Published
Christopher DeLaurenti
soft gradient
soft gradient is dedicated to Annea Lockwood in gratitude for her friendship and her music. Annea’s gift of a kempul gong recurs quietly in this piece.
Best heard on headphones, soft gradient reflects on the concept of the petit Bardo through multiple, often parallel presences – first through human movement in the soundscape and then by overlapping vestibules of abstract and concrete sound. What might be described as liminal polyphony is demarcated (or decentered) through passageways that are short (such vintage light switches and their tinkling bulbs recorded in France) or ever-elongating inharmonic clouds.
I made all of the field recordings in soft gradient, from a gritty, lo-fi childhood recording of church bells (circa 1977) to recent efforts with binaural microphones. Everything else––instruments (found and traditional), improvised electronics, treated magnetic tape, etc. ––was performed and composed by me from 2022 to 2024 with two exceptions: I borrowed the motorbike and tolling bells from Les deux églises de Montmorillon, 9 pm which I recorded in 1997 (and appears on the Deep Wireless 5 CD released by New Adventures in Sound Art) and “soft gradient (fragment).”

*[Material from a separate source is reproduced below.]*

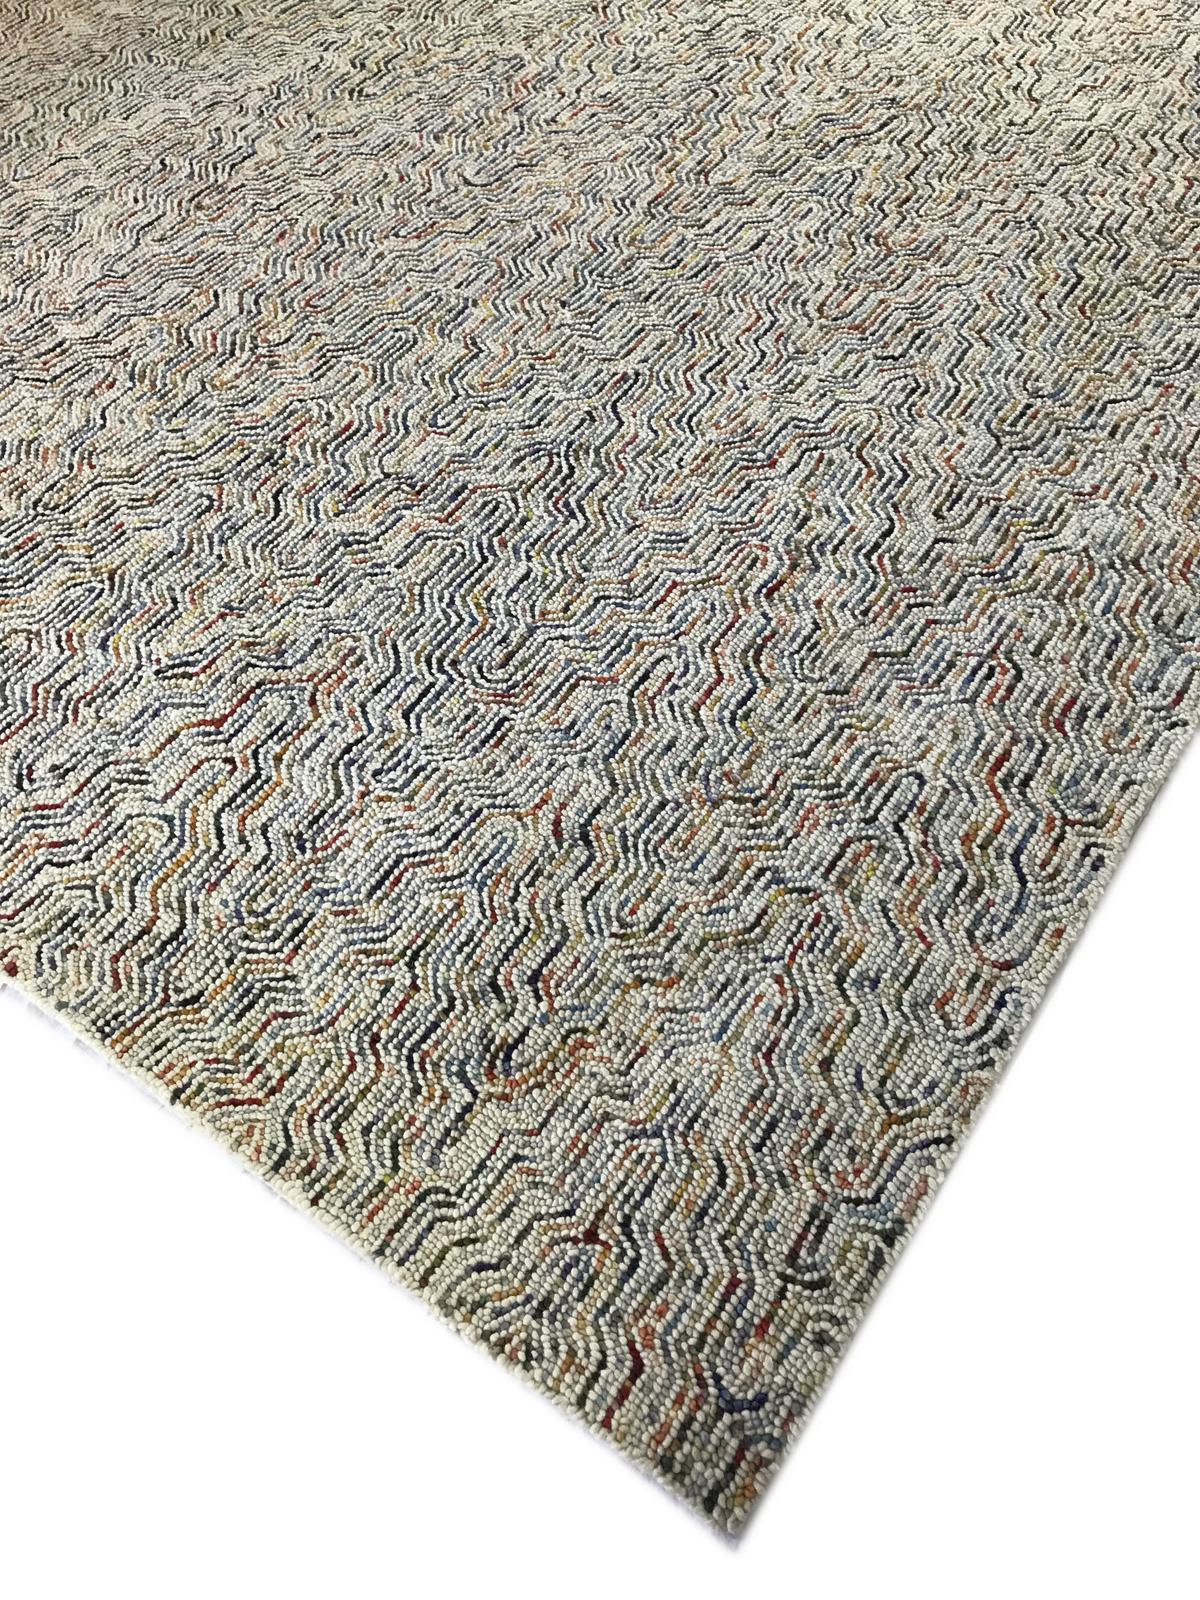 Contemporary Tufted Multi-Color Indian Wool Area Rug For Sale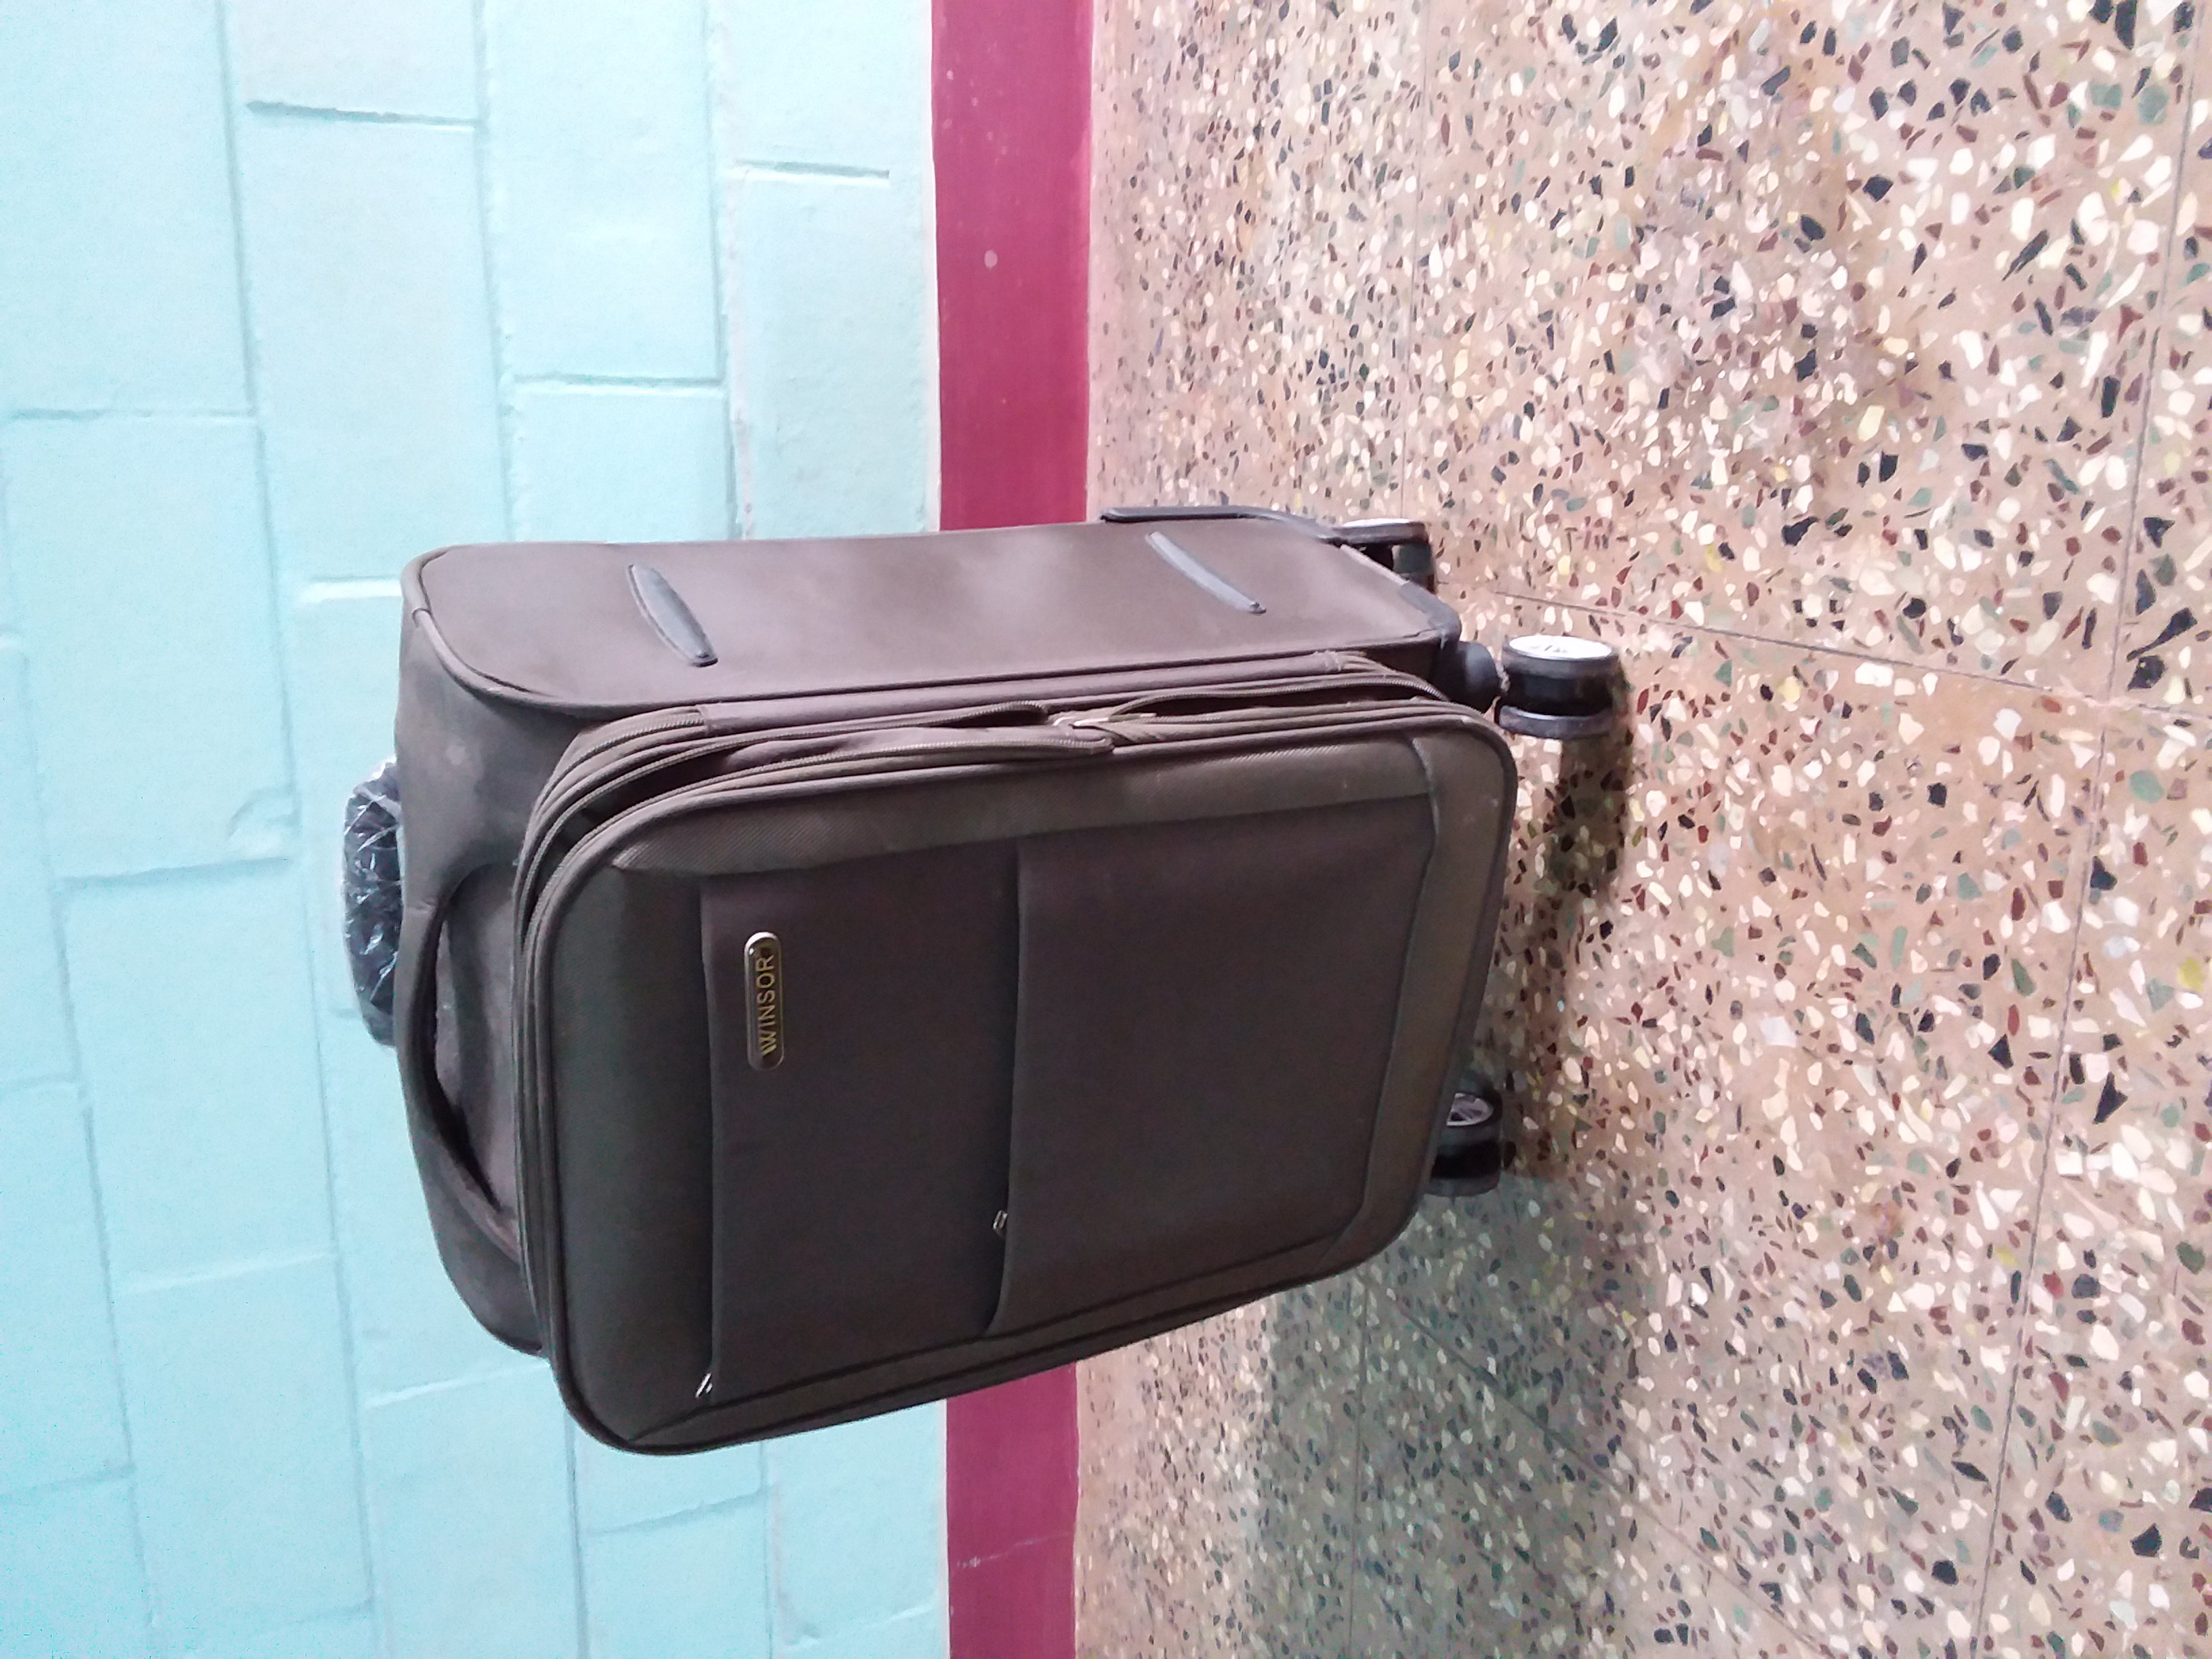 Shivali Luggage in Bhagal,Surat - Best Bag Manufacturers in Surat - Justdial

The initial fragment of soft gradient originated as a field recording I made of James Turrell’s Knowing Light exhibit at Seattle’s Henry Art Gallery in 2003. Turrell’s chamber contained gradients of lush, spectrally hazy purples that conjured uncertain visual perspectives and disoriented kinesthetic movement. There, space and light extended to infinity due to the ganzfeld effect: The brain compensates for the lack of (or ambiguous) sense data through hallucinations or ever-shifting misperceptions. Put simply, sensory uncertainty ushers you into a liminal state.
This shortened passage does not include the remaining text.